Das haben mich jetzt schon einige gefragt – und ich habe mir gedacht, ich lasse euch mal hinter die Kulissen blicken. Und oft ist es sogar so, dass gar nicht „der eine Text“ in der Mache ist, sondern dass ich parallel noch Ideen und Plots für andere Geschichten mache … aber der Reihe nach.

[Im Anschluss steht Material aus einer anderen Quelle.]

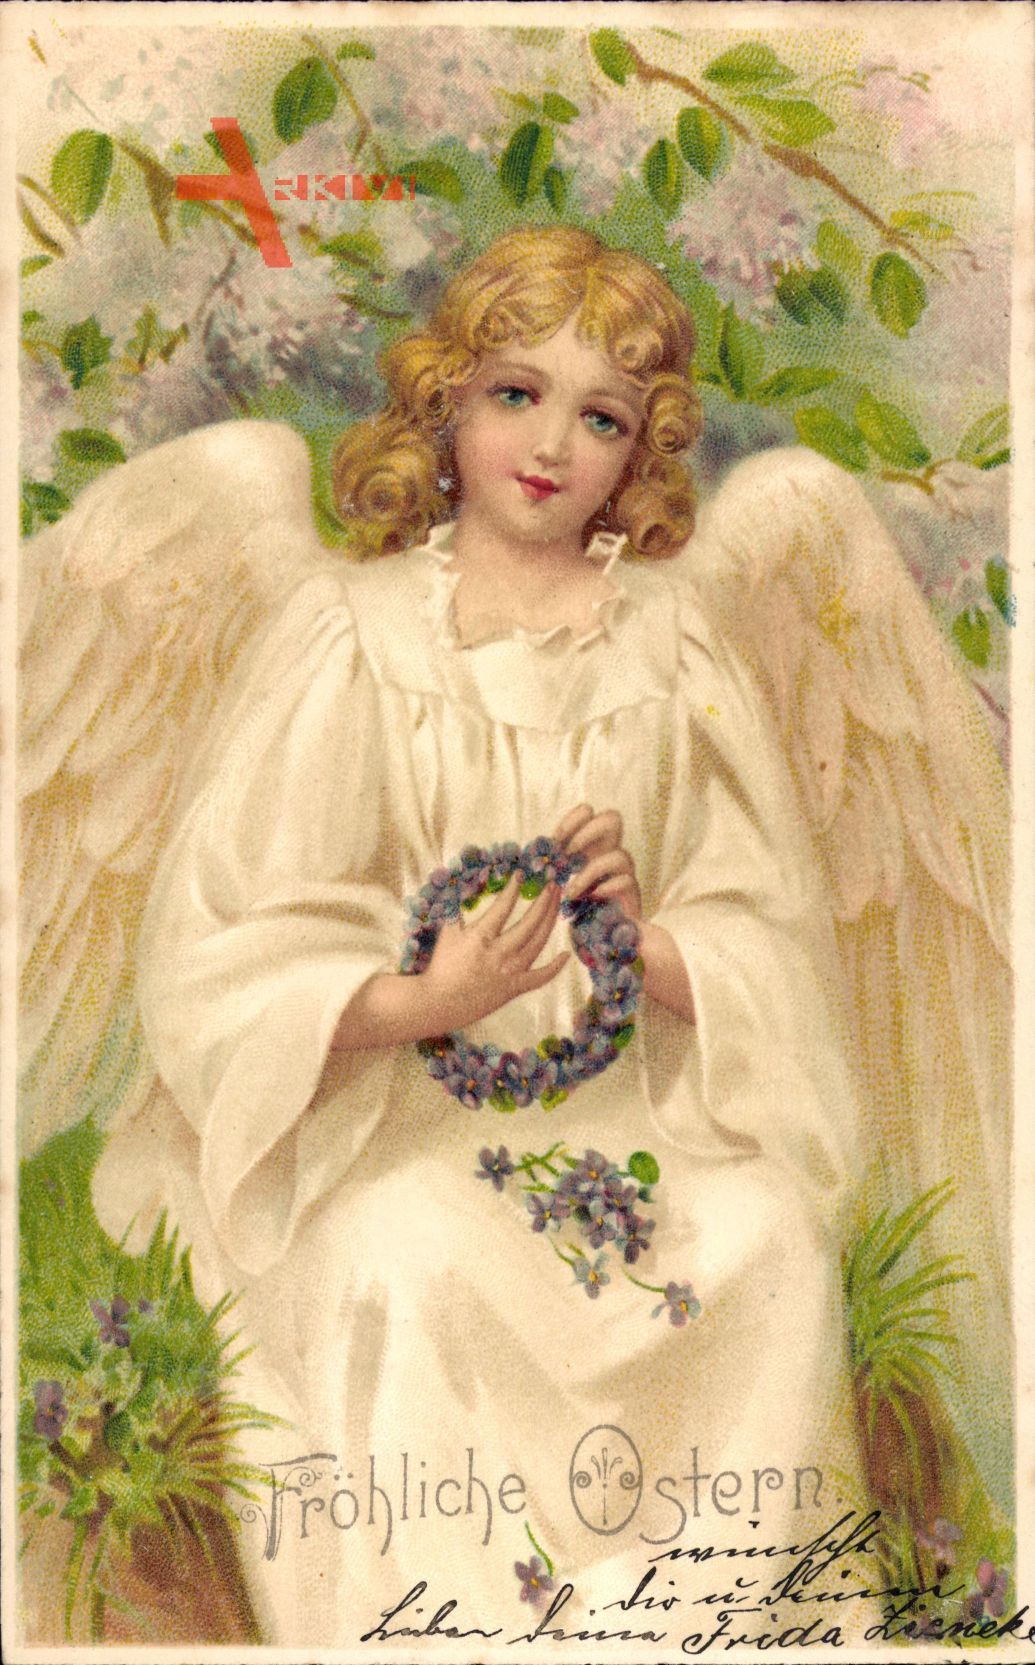 Glückwunsch Ostern, Engel mit Blumenkranz, Kitsch
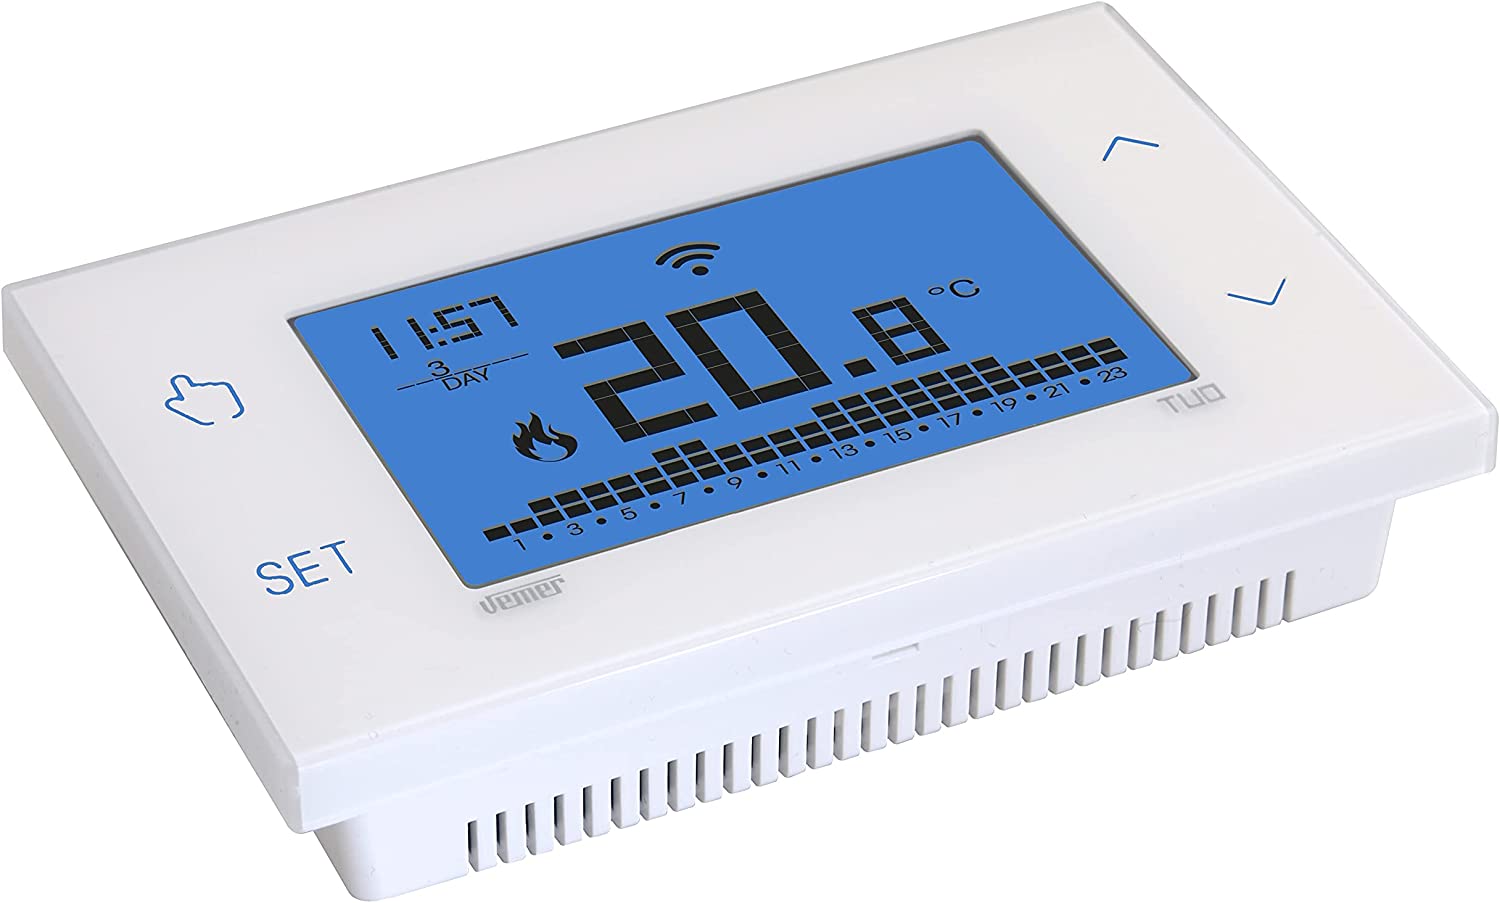 VEMER VE788600 TUO WiFi Batterie - Thermostat Heizung Smart Home, WLAN Raumthermostat, Wochenprogrammierung, Steuerbar mit APP über Smartphone mit iOS und Android, Weiß

Ich habe mich nach langem Hin- und Her für Papyrus Autor als Schreibsoftware entschieden – aber am Ende ist es nicht „das Tool“, das das Buch ausmacht, sondern Autoren und ihre Ideen. Insofern: Lasst euch davon nicht ablenken – es hat keinen Einfluss auf die Qualität einer Geschichte.
Für diesen Post nutzen wir die Tatsache, dass ich mein Ermittler-Duo aus dem Rhein-Main-Gebiet so ins Herz geschlossen habe, dass ich ihnen zwei weitere Bände spendieren will. Während Bull’s Eye (Band 1) gerade veröffentlicht wurde, stehen Winternacht (Band 2) und Vermächtnis (Band 3) in den Startlöchern.
Wobei es hier nicht um ein Wettrennen geht, sondern eher um einen Staffellauf. Band 1 hat den Stab nun an Band 2 gereicht, Band 3 läuft sich gerade warm. Und dient uns nun erst einmal als Beispiel.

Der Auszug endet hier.